## [DESCRIPTION OF THE TASK]
This calls for a word-for-word copy of all the data, with each picture removed.

## [DATA SECTION]
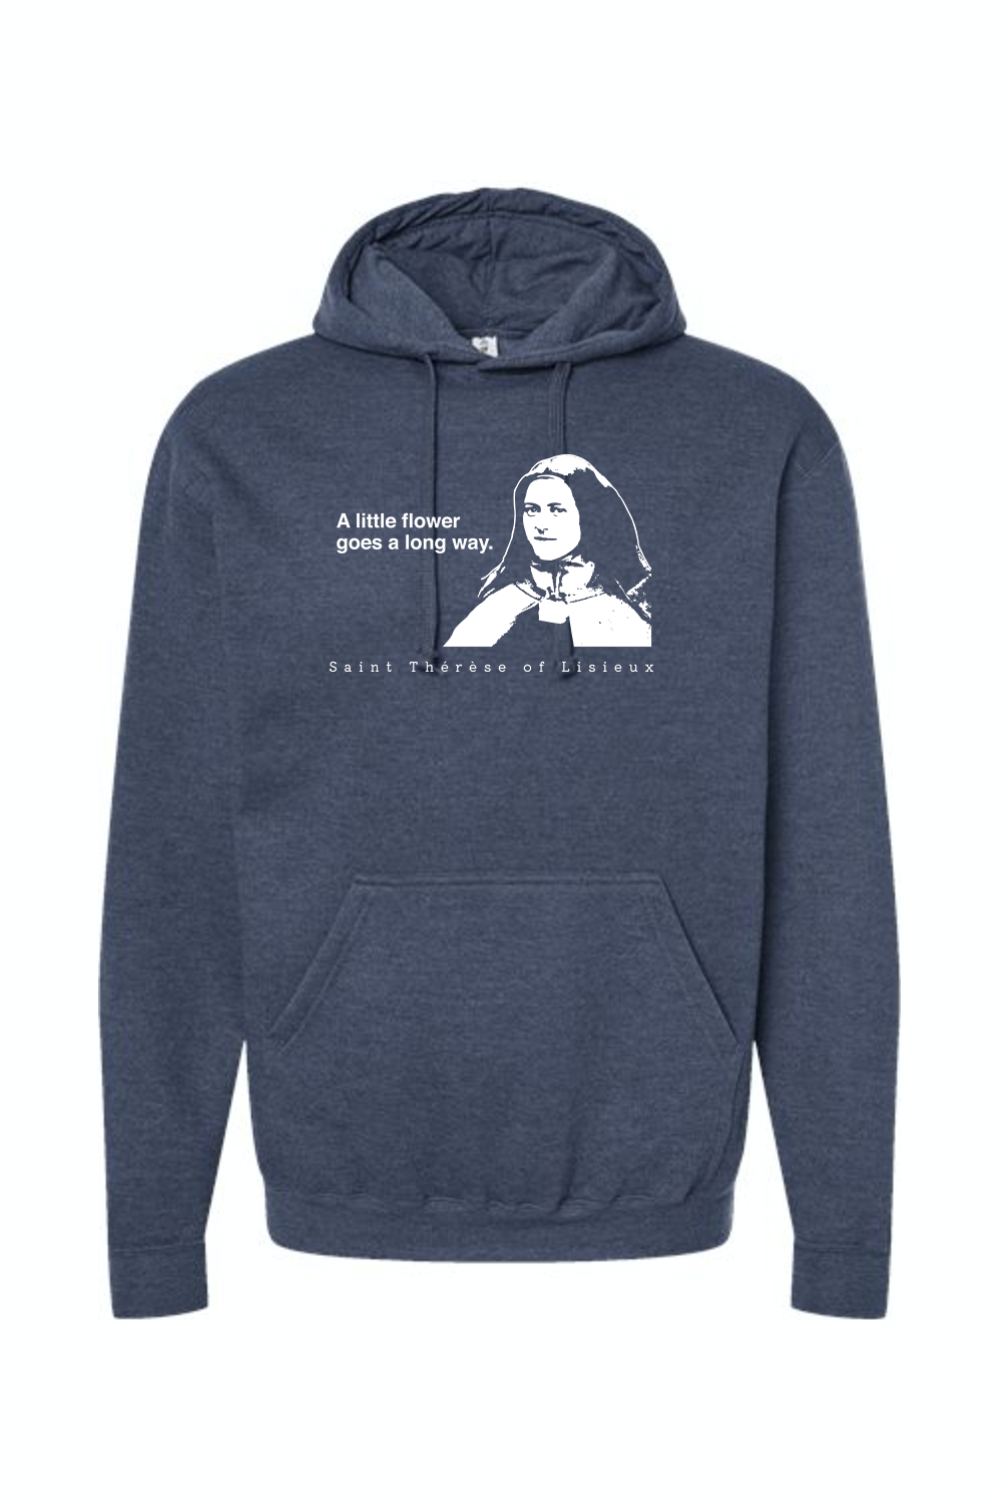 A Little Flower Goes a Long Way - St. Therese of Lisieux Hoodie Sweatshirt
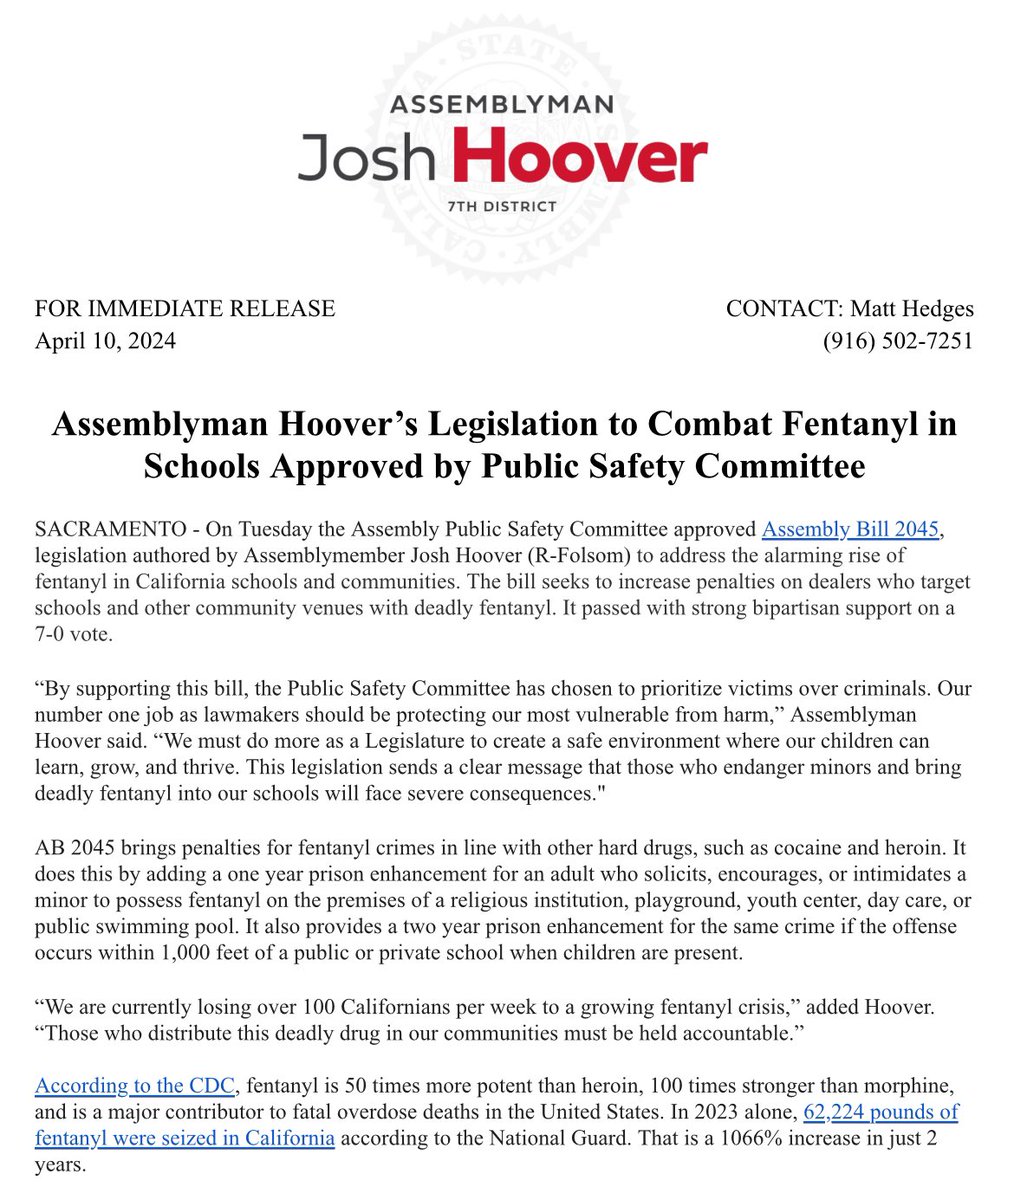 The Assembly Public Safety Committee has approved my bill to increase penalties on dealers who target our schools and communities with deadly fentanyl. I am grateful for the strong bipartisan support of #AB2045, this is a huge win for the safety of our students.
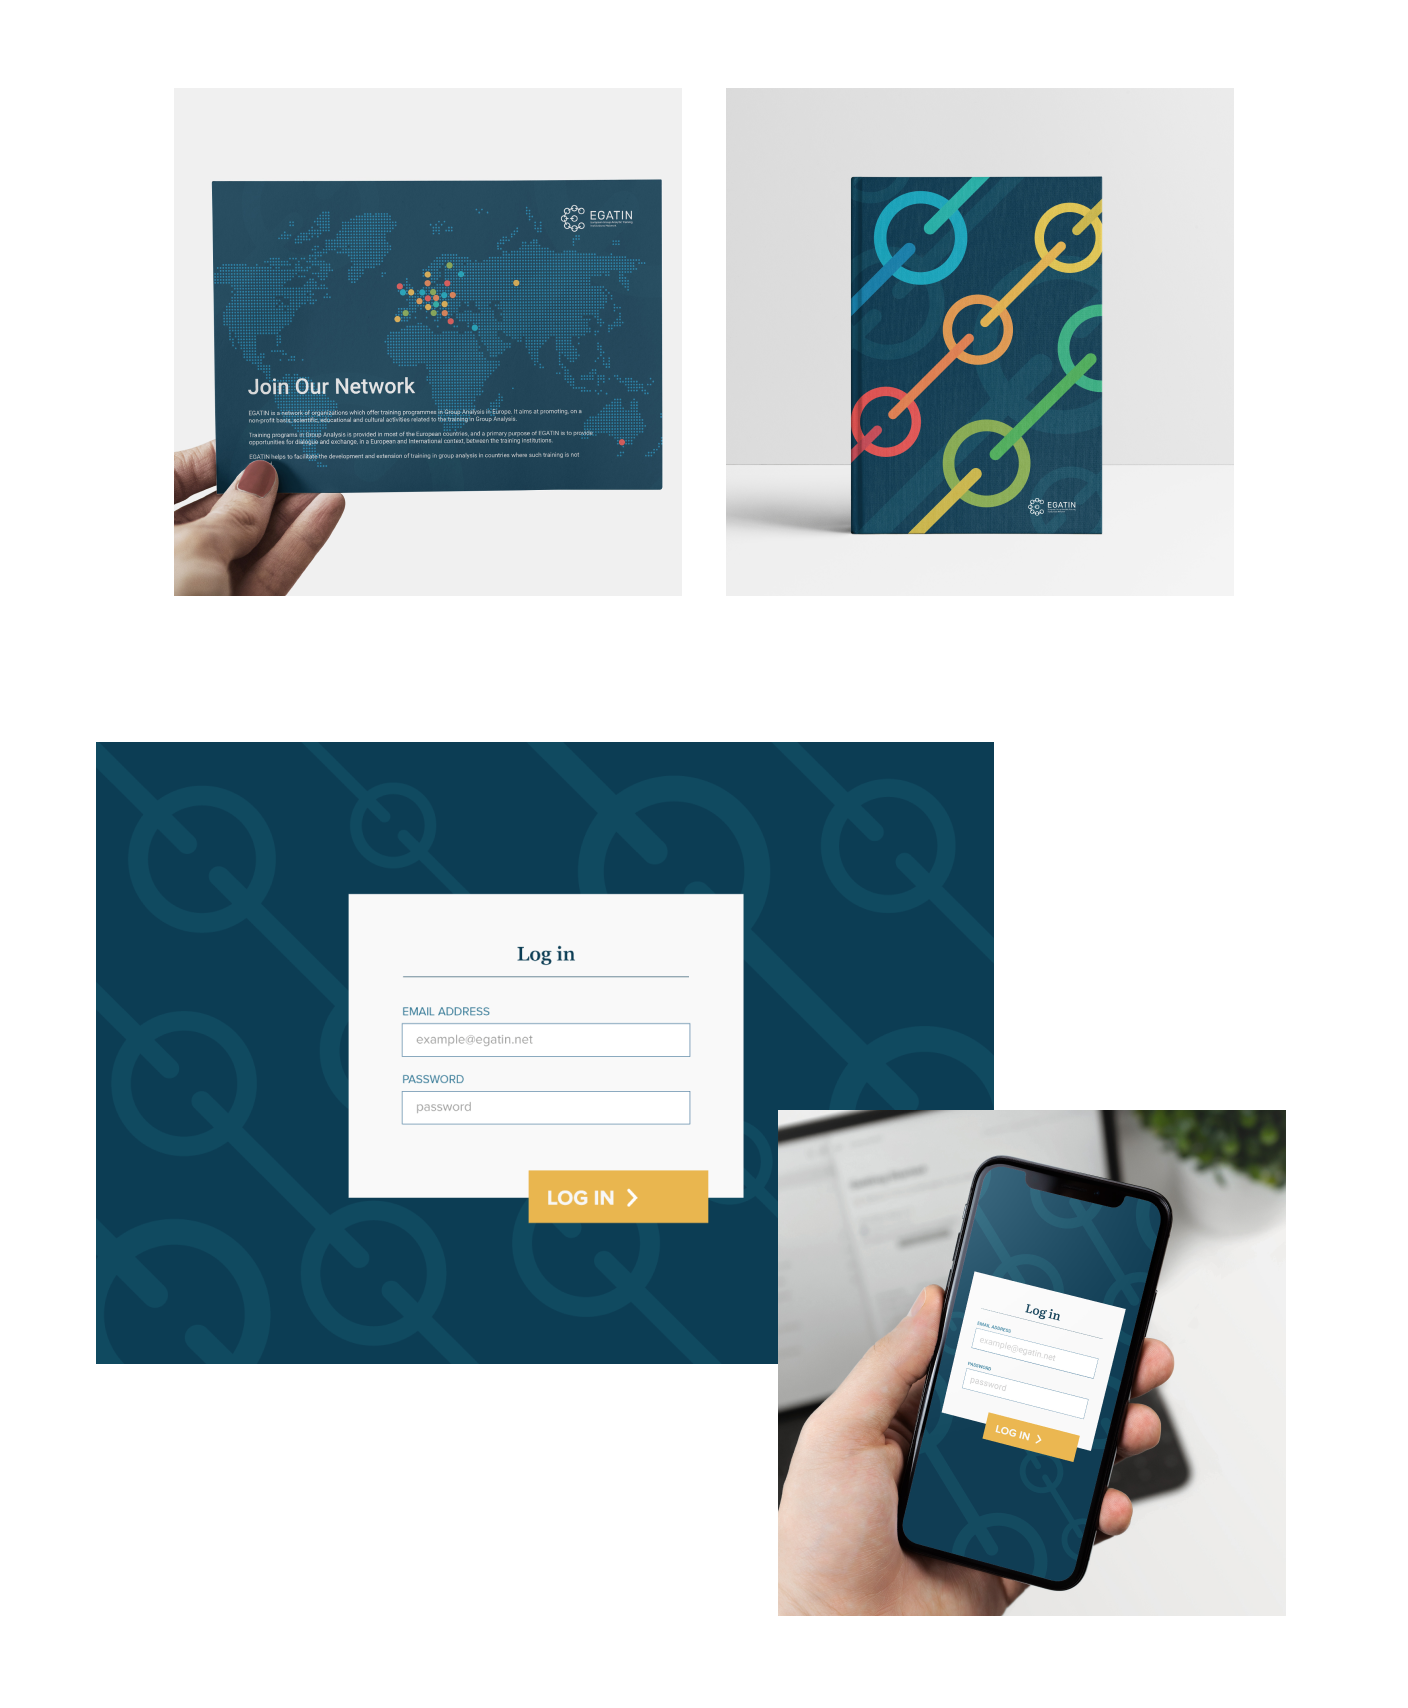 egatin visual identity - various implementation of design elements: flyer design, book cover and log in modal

## [TASK OUTPUT]
 A Little Flower Goes a Long Way - St. Therese of Lisieux Hoodie Sweatshirt
 The Assembly Public Safety Committee has approved my bill to increase penalties on dealers who target our schools and communities with deadly fentanyl. I am grateful for the strong bipartisan support of #AB2045, this is a huge win for the safety of our students.
 egatin visual identity - various implementation of design elements: flyer design, book cover and log in modal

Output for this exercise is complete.